Ahora, cuando me tome el subte para volver a mi casa y a mi vida, y cuando camine aterida de frío y de desamparo por Caballito, pensándote a vos haciendo lo mismo por Temperley, voy a arrepentirme de haberte encontrado. Al entrar en casa inventaré apurada una pelea inexistente que desoriente a José y le explique mi desasosiego. “Es el mismo sinvergüenza de siempre”, dirá él, para darme a entender que me entiende y me sostiene. Y yo le diré que sí, casi sollozando, casi largándome a llorar como una nena. Pero no será por fingir, no será por hacerle creer que me lastimaste, sino porque esta noche saberte fuera de mi vida, saber que por meses o por años tu reino va a cerrarse de nuevo a mi visita furtiva, aceptar de nuevo mi vida sin vos en ninguna parte y en ningún momento, se me hará insoportable. Él no entendería –si al cabo ni siquiera yo lo entiendo– que mi vida sos también vos. Vos en alguna parte, vos escondido, vos a medias sepultado por los rencores y las culpas. Pero vos vivo, custodiando celoso y sereno la estrecha extensión de tu reino, esperándome sin prisa para abrir la pesada verja que lo oculta.

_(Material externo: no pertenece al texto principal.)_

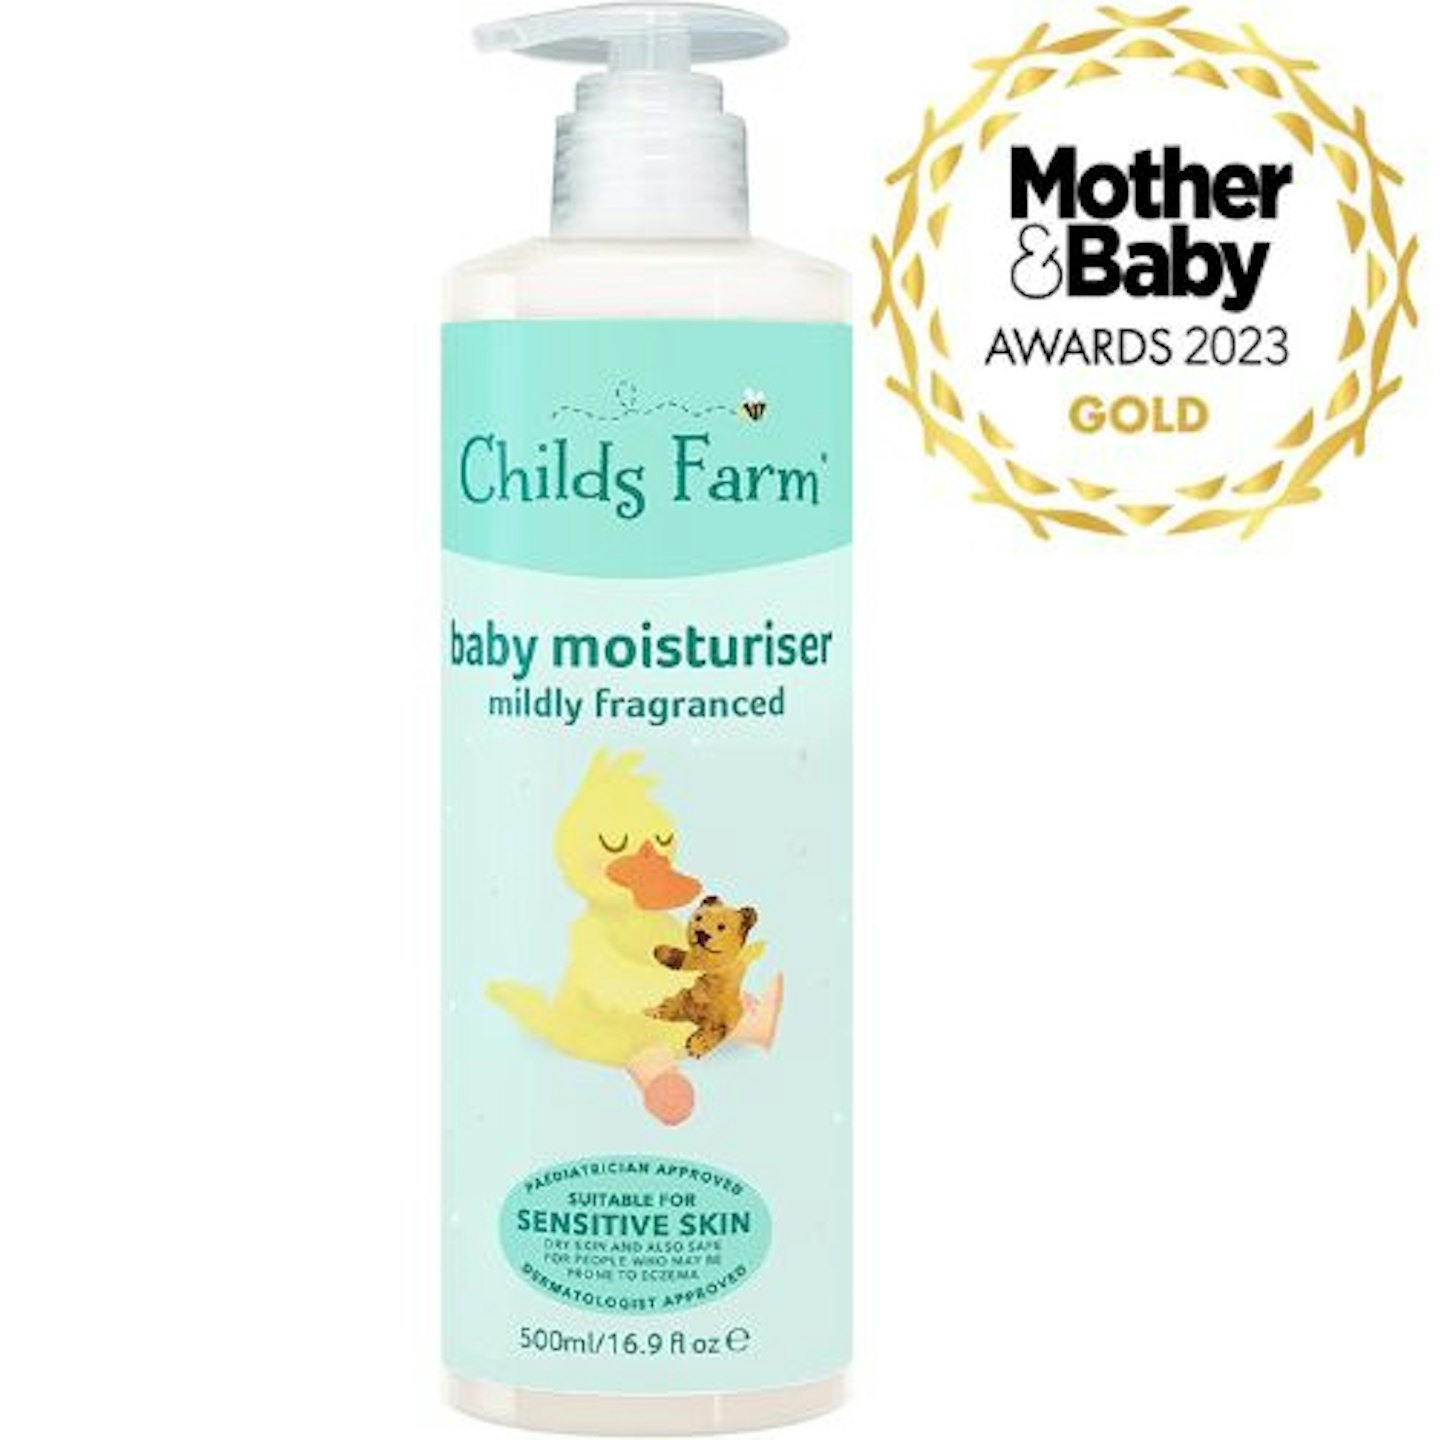 Childs Farm baby moisturiser, mildly fragranced

En mis sueños, ese caos se resuelve en la sencillez cristalina de unas pocas frases: te encuentro, nuestros ojos se cruzan en miradas incandescentes, y con la franqueza reposada en verdades demoledoras te digo que no quiero volver a verte, pero que mi vida sin vos no funciona, aunque con vos tampoco funcione. Te pido que no me llames más, pero enseguida me desdigo y te confieso que necesito que lo hagas. Te increpo por mi dolor, este dolor sordo de vivir despidiéndote, de vivir extrañándote, a sabiendas de que no hay otro modo de vivirte. Y justo cuando vas a responder, cuando en mi sueño sé que vas a contestar que a vos te pasa lo mismo, que tu vida no está entera sin esas expediciones elusivas a nuestro campo de batalla, mi sueño se interrumpe entre sollozos e hipos de llanto.

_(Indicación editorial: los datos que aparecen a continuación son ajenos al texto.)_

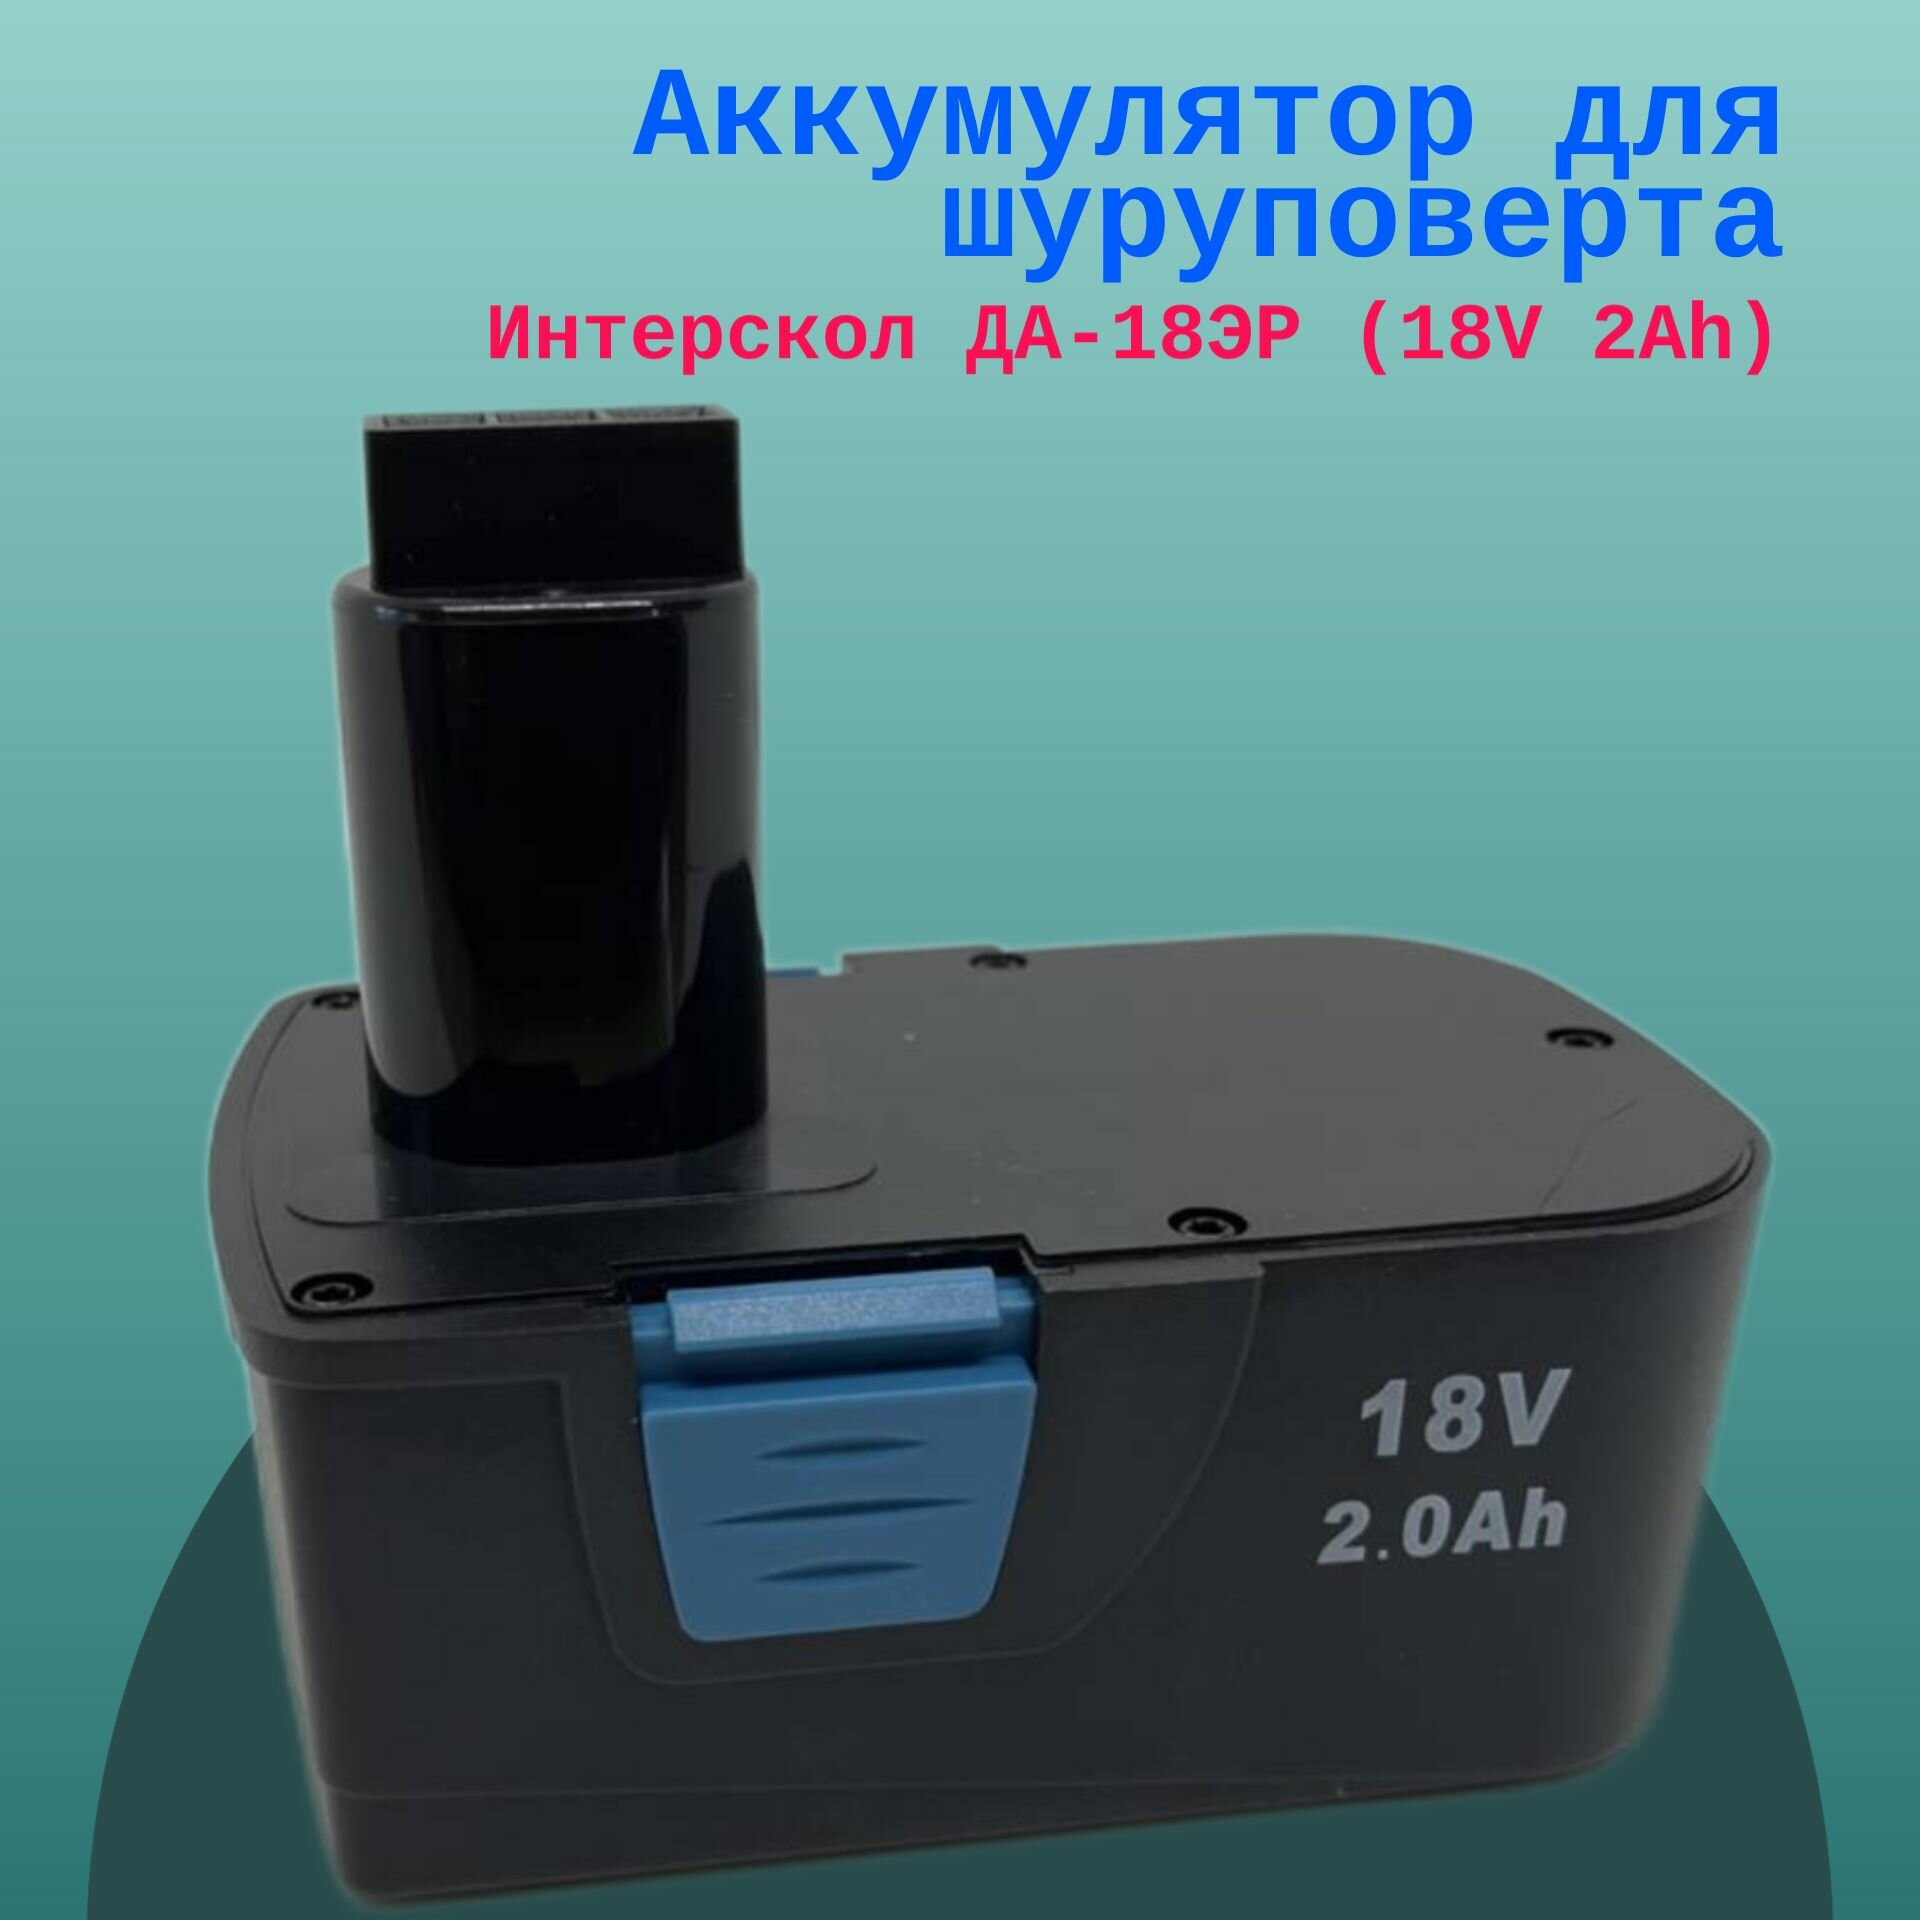 Аккумулятор для шуруповерта Интерскол ДА-18ЭР (18V 2Ah)

No importa cuántas cosas buenas tenga mi mundo mañana a la mañana. No van a importar ni los chicos, ni José, ni el trabajo, ni mi vida entera, ni mis descubrimientos en terapia. Solamente vas a importar vos y tu distancia, vos y el misterio de tu vida vaya a saber por dónde, vos y el agujero insoslayable de mi alma. Porque mañana, al despertarme y acordarme del paseo de hoy por nuestro osario clandestino de flores marchitas, voy a entender por qué me niego una vez y otra a volver a verte. Porque mañana, con el sol pegándome en la cara, voy a tomar conciencia de que he vuelto a perderte, sin haberte siquiera tenido. Y eso será lo peor de todo, el saberme condenada a perderte siempre que te encuentro.
Después irán pasando los días, y el dolor se irá apaciguando. Mi vida retomará gradualmente su ritmo cotidiano, y volverán de a poco los colores al universo. Cuando vengas a buscar a los chicos el sábado, evitaré mirarte a los ojos, y vos, con buen criterio, vas a irte de inmediato. Hasta es posible que después de unos meses me crea curada de vos, y piense que por fin he de dejar de sufrir por tu causa.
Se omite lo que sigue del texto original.